The Board of Directors of Serabi monitors the business affairs of the company on behalf of shareholders. The Board currently consists of the Executive Chairman, Managing Director, Finance Director and two Non-Executive Directors. The Directors have responsibility for the overall corporate governance of the company and recognize the need for the highest standards of behaviour and accountability. The Directors are committed to the principles underlying best practice in corporate governance and intend to comply with the principles of the Combined Code in such respects as they consider appropriate for a company of Serabi’s size and nature.
The Company has established an Audit Committee and a Remuneration Committee. The Audit Committee comprises two Non-Executive Directors and the Finance Director. It is responsible for ensuring that the financial performance of the Group is properly reported on and monitored and for reviewing the auditor’s reports relating to accounts and internal control systems.
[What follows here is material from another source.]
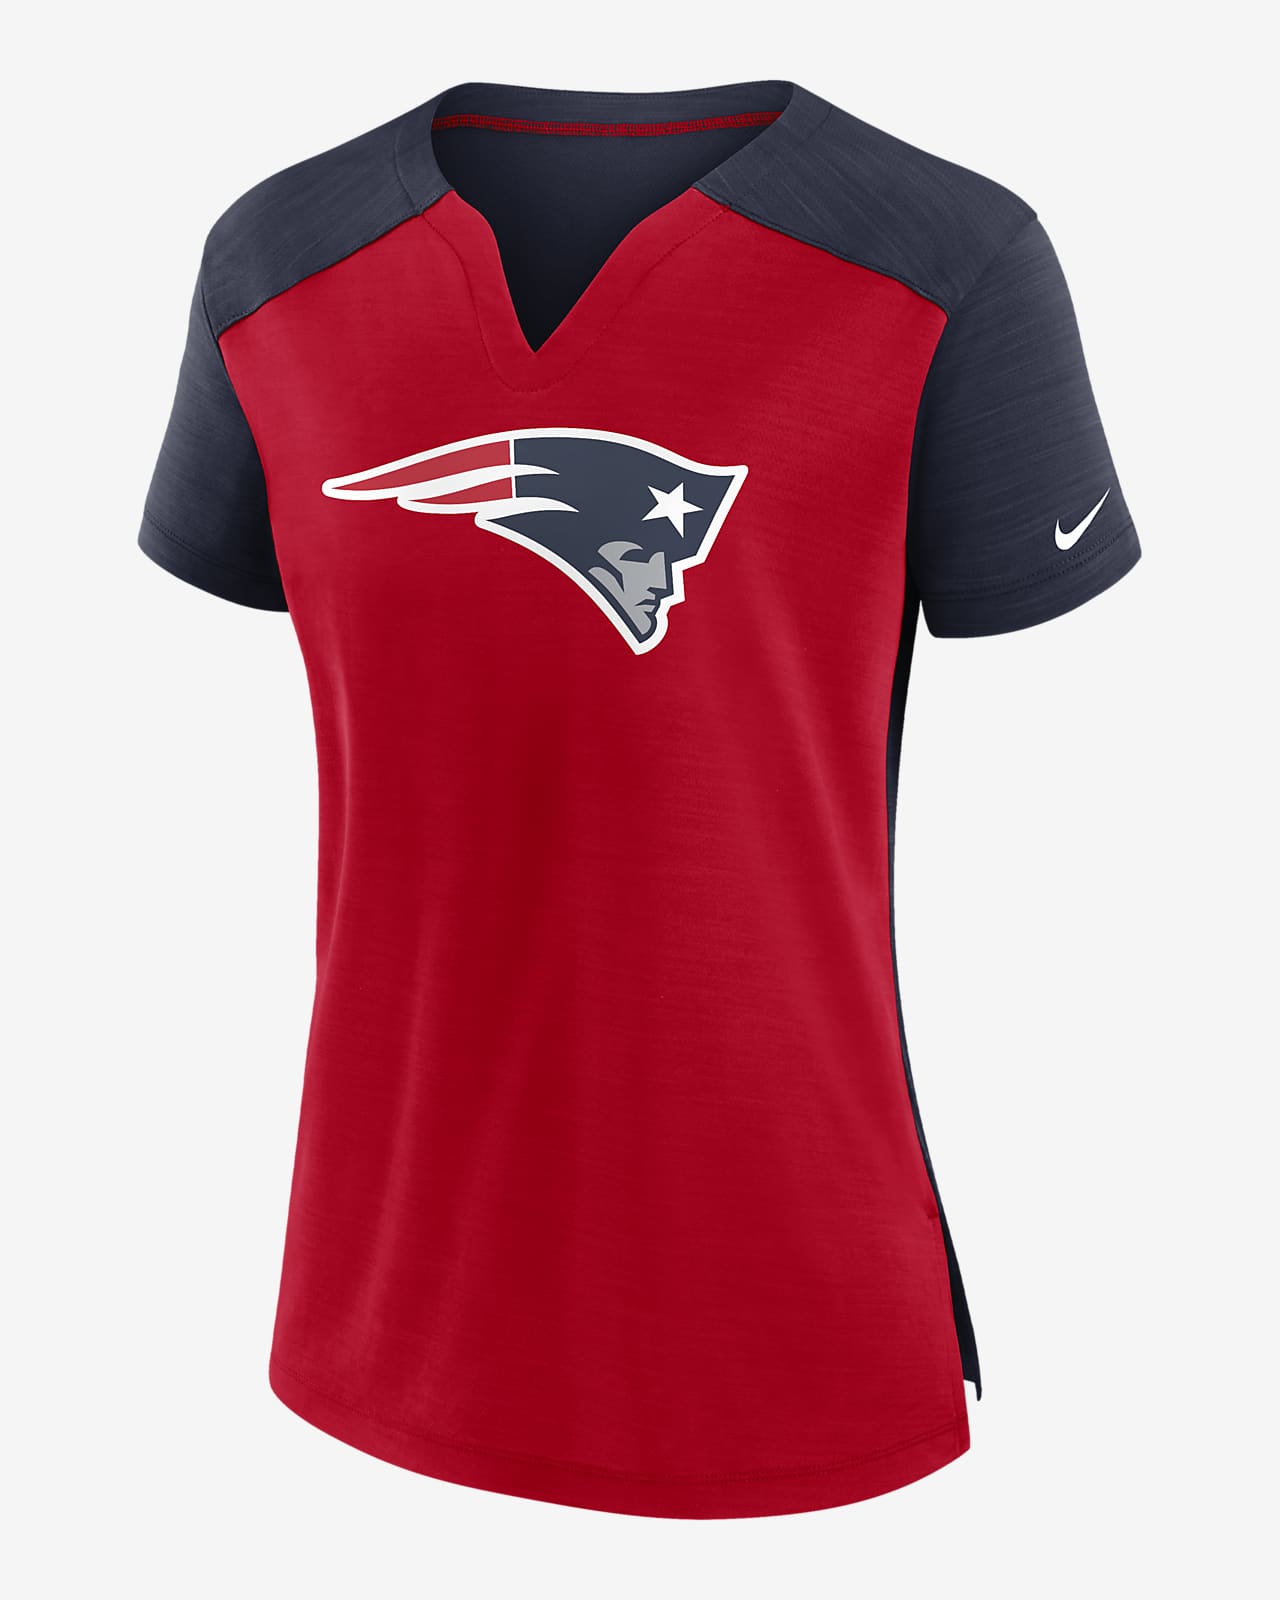 Nike Dri-FIT Exceed (NFL New England Patriots) Women's T-Shirt
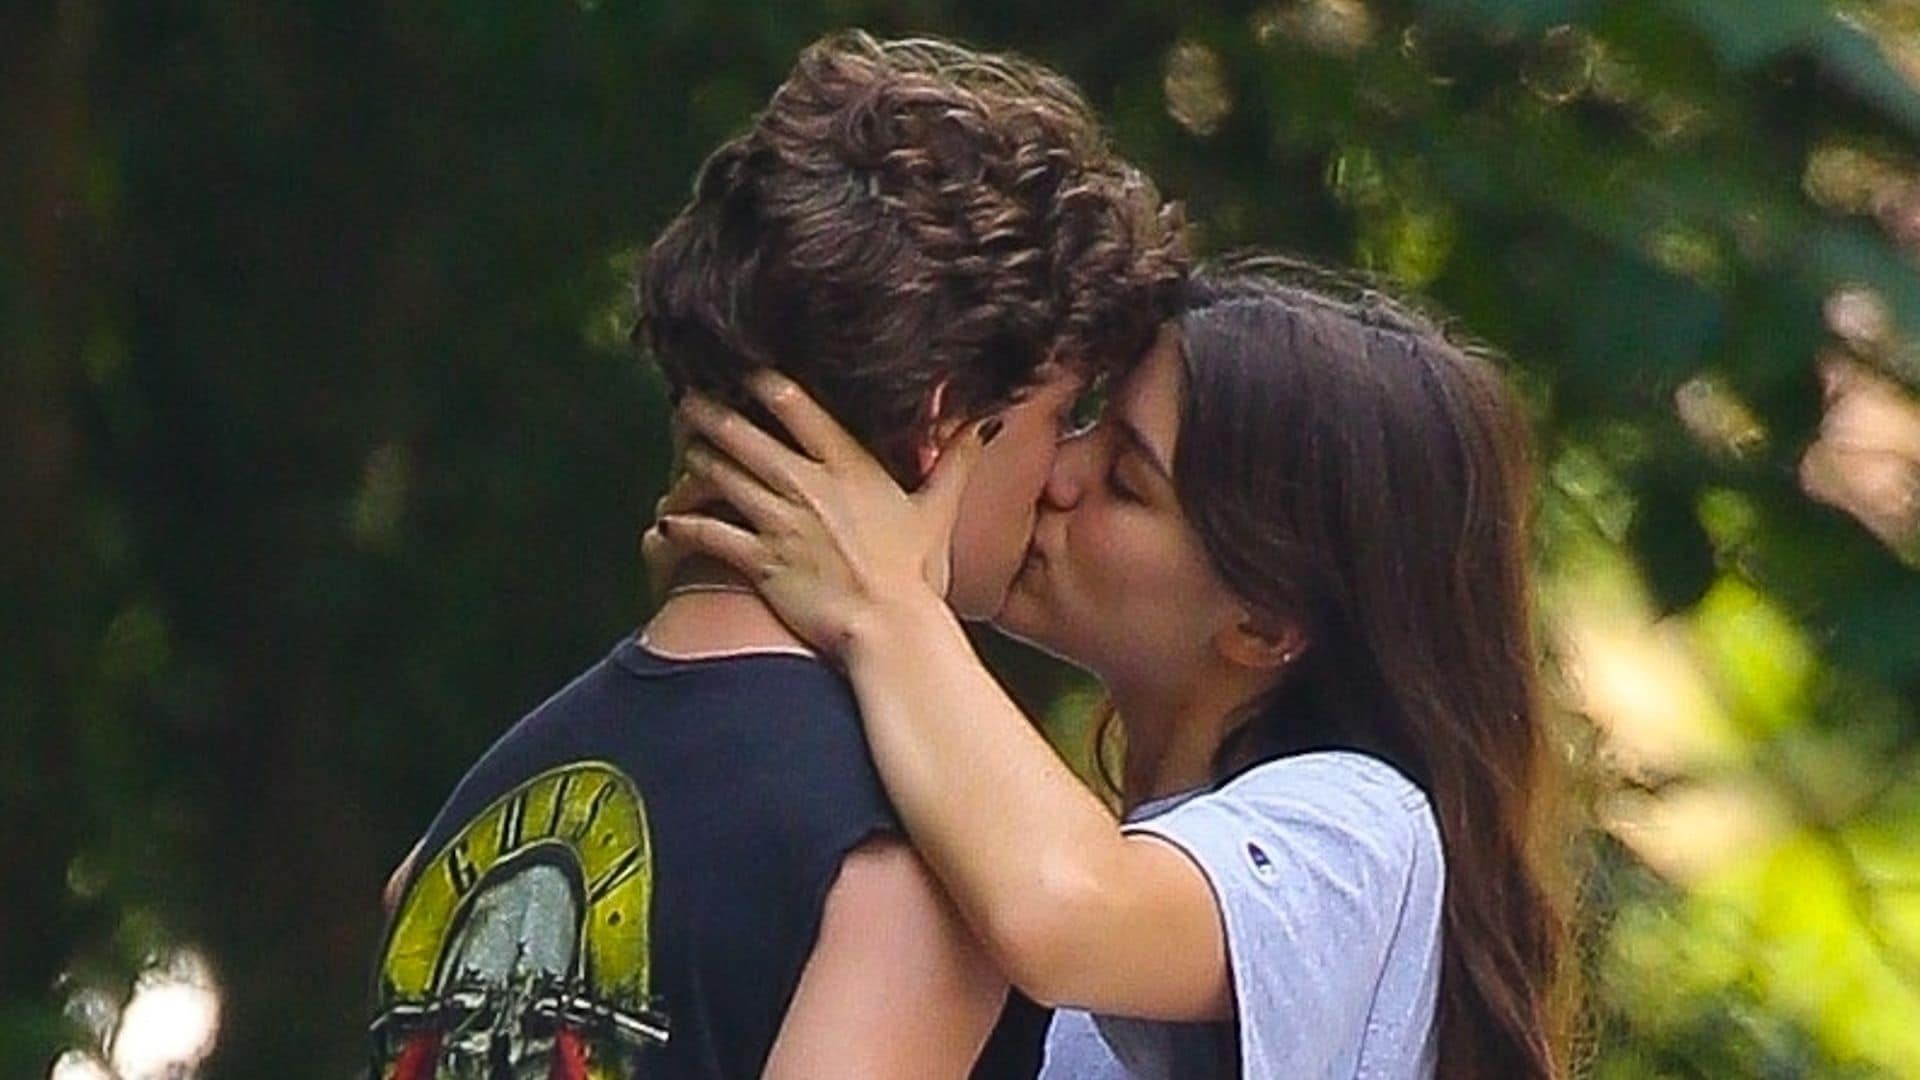 Suri Cruise looks happy in love kissing her boyfriend Toby Cohen in Central Park

The Remuneration Committee comprises two Non-Executive Directors. It is responsible for determining and agreeing with the Board the framework for the remuneration of the Managing Director, all other Executive Directors, the Chairman of the Company (if an Executive Director), the Company Secretary and such other members of the Executive management as it is designated to consider. It is furthermore responsible for determining the total individual remuneration packages of each director including, where appropriate, bonuses, incentive payments and share options.
In addition, the Executive Management Committee, comprised of the Executive Chairman, Chief Executive Officer and Finance Director, directs the day-to-day operations of the company.
The Company has adopted a share dealing code for Directors and relevant employees in accordance with the AIM Rules and will take proper steps to ensure compliance by the Directors and those employees.